Part of speech (POS) tagging is an analysis technique in which an algorithm is used to label each word in a piece of content as a specific part-of-speech–noun, verb, adjective, etc. The graph below shows what percentages of words in each sample were labeled as a specific part-of-speech. It lists only the most interesting parts from the much larger list of POS tags.

Interesting points from this data include the noun and 3rd-person heaviness of ReTweets, indicating a subject matter and headline type nature.


I also used the two linguistic lexicons currently in use on TweetPsych: RID and LIWC.

First up is the more “Freudian” Regressive Imagery Dictionary (RID).

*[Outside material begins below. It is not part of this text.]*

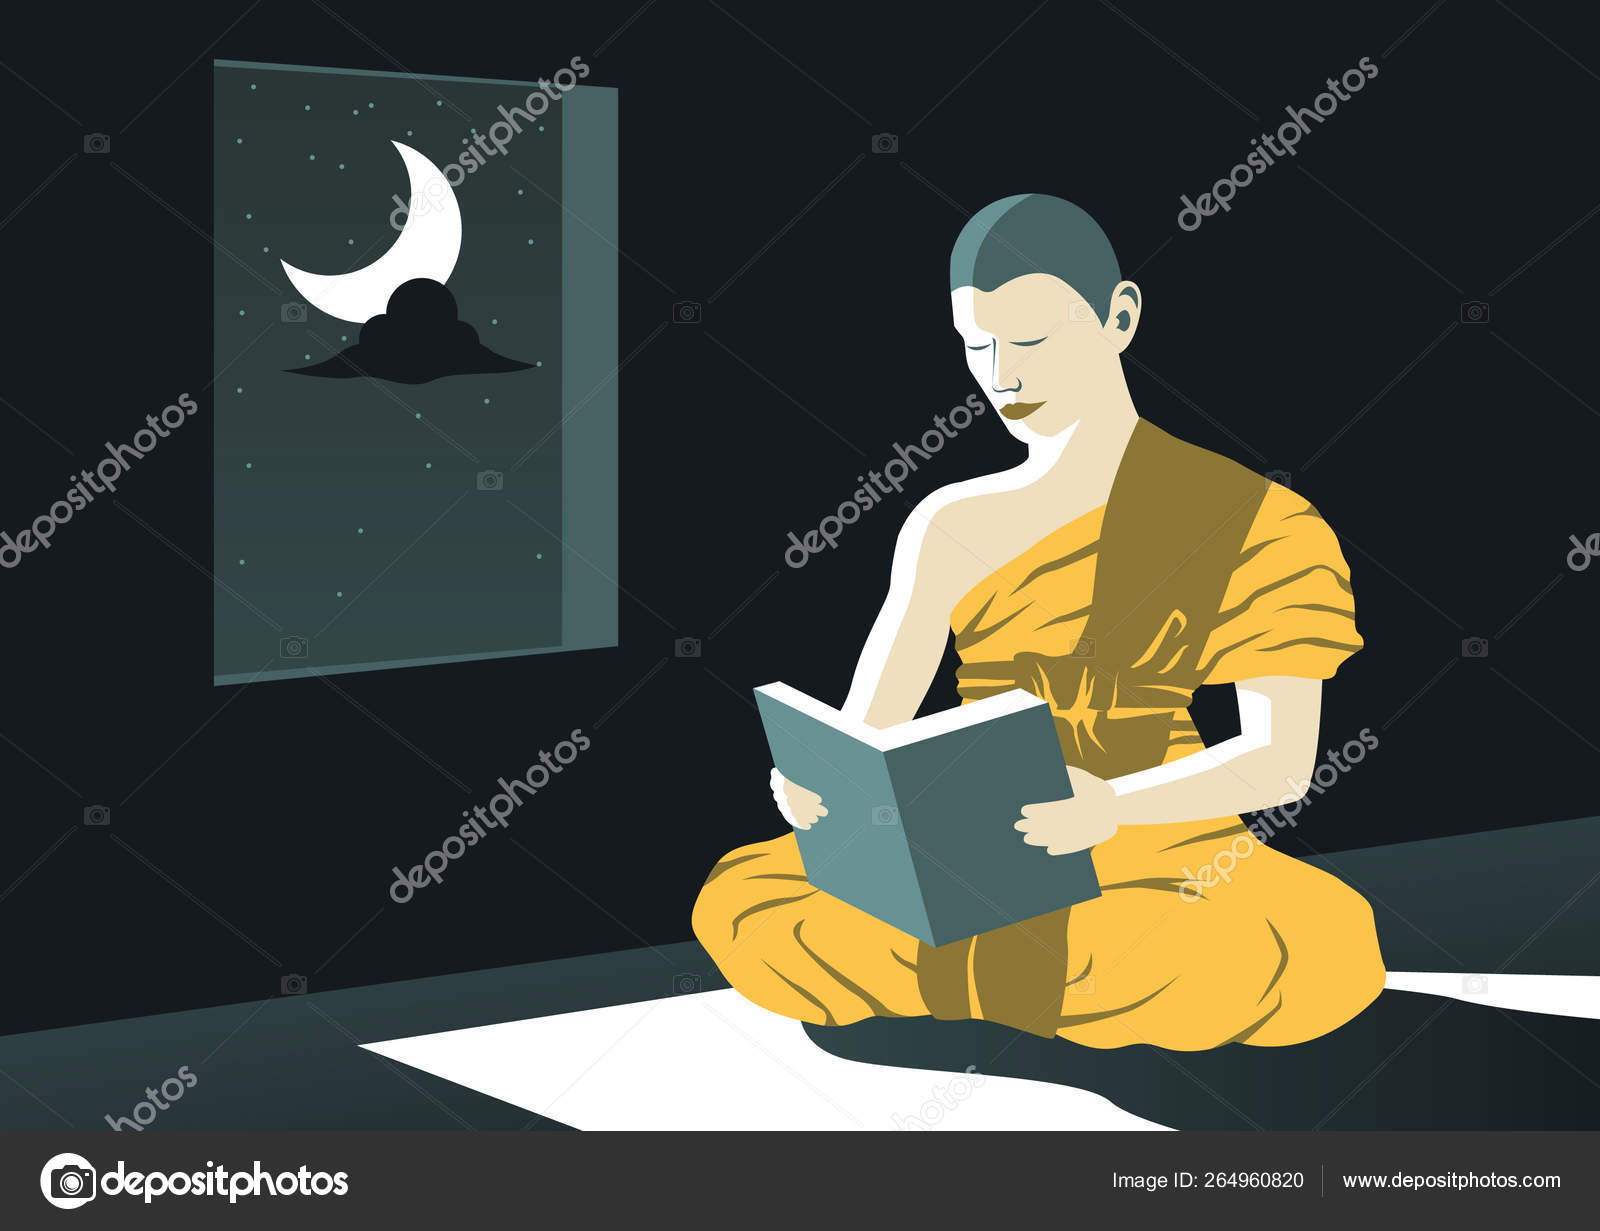 How Do You Read A Book At Night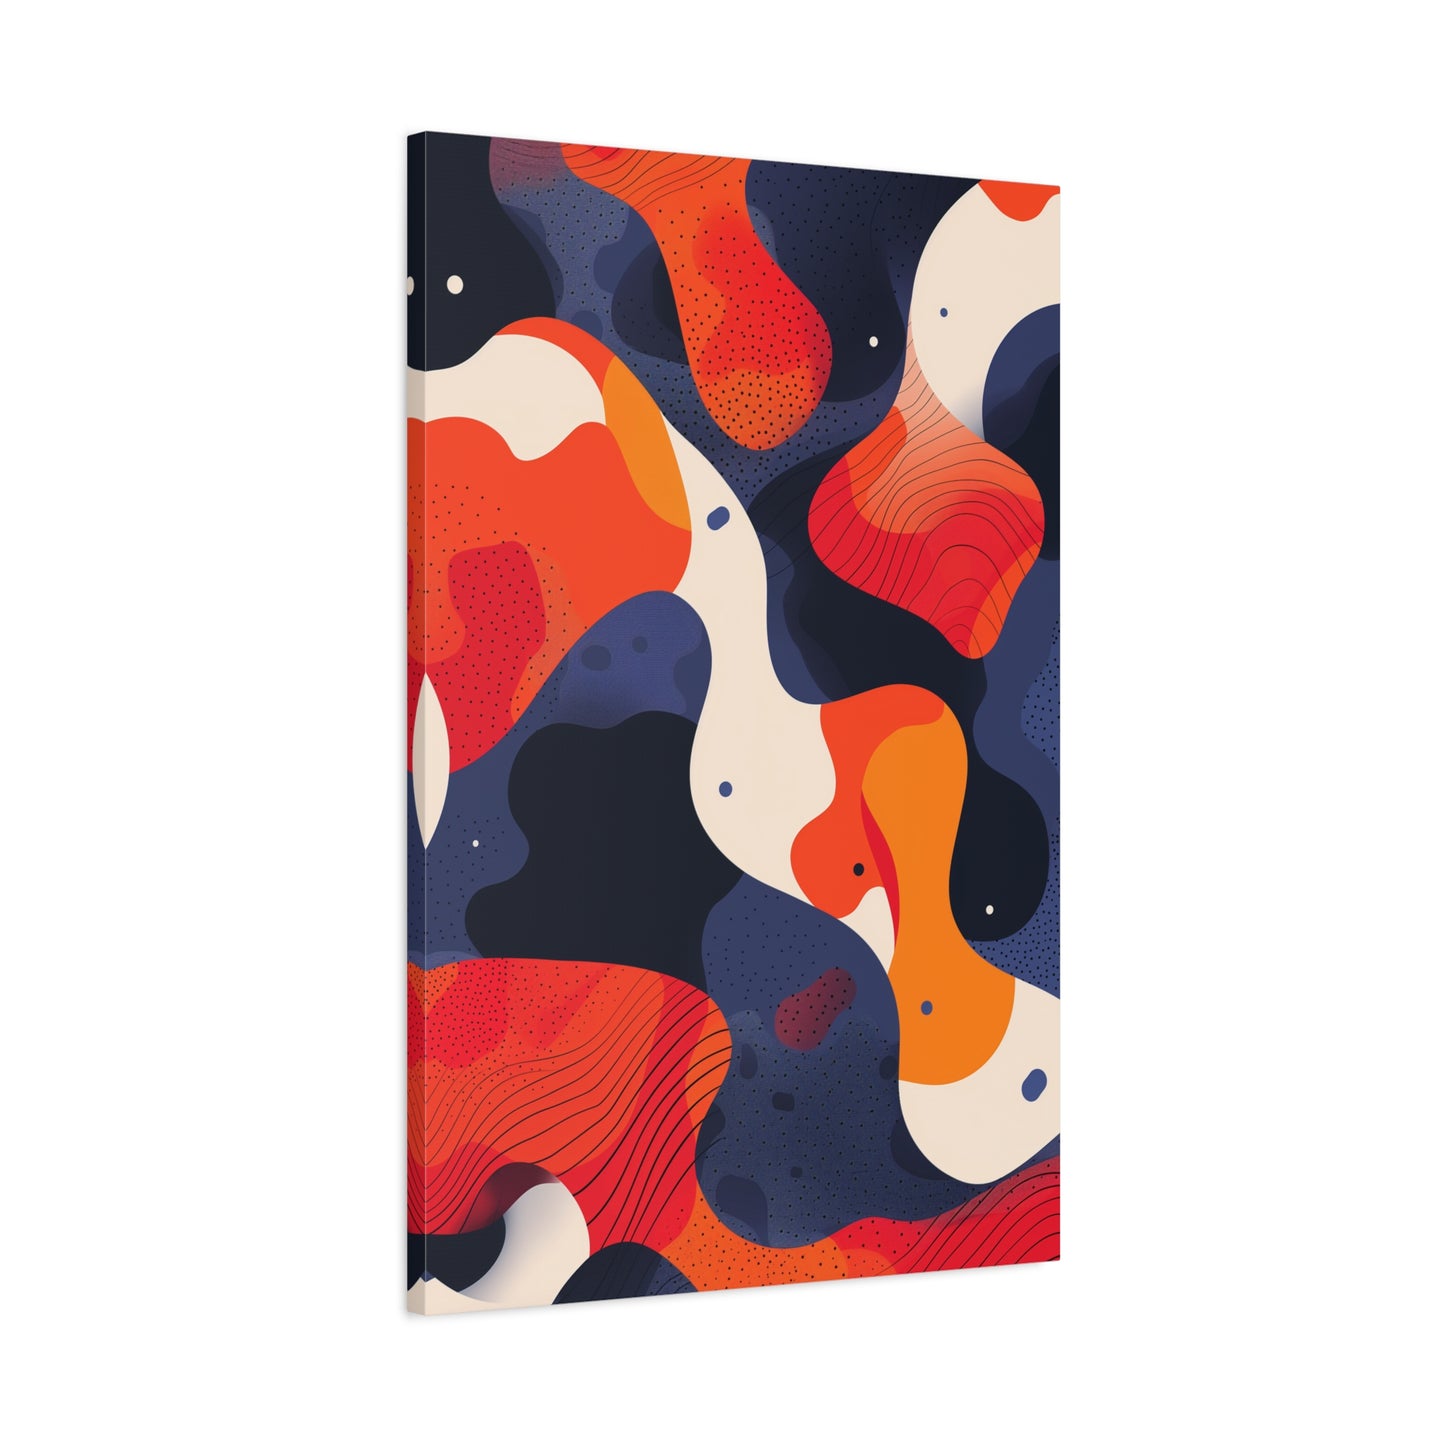 Colorflow Canvas (Canvas)Abstract flowing shapes in a bold color palette canvas print. Shop now for innovative products designed to enhance your digital lifestyle. Fast shipping!RimaGallery

This coding scheme is designed to measure the amount and type of three categories of content: primordial (the unconscious way you think, like in dreams); conceptual (logical and rational thought); and emotional.

Significantly more primordial content has been found in the poetry of poets who exhibit signs of psychopathology than in that of poets who exhibit no such signs (Martindale, 1975).

The first RID graph shows that ReTweets contain less primordial and emotional content than random Tweets and more conceptual content.


Looking at specific RID codes, we see that social and instrumental (constructive words like build and create) behavior are ReTweetable, while abstract thought and sensation-based words are not.


The last analysis I performed used LIWC (pronounced “Luke”). This is a lexicon similar to RID, but based in more reviewed and accepted research and refined over 15 years. LIWC measures the cognitive and emotional properties of a person based on the words they use.

In order to provide an efficient and effective method for studying the various emotional, cognitive, and structural components present in individuals’ verbal and written speech samples, we originally developed a text analysis application called Linguistic Inquiry and Word Count, or LIWC.

LIWC analysis shows that Tweets about work, religion, money and media/celebrities are more ReTweetable than Tweets about negative emotions, sensations, swear words and self-reference.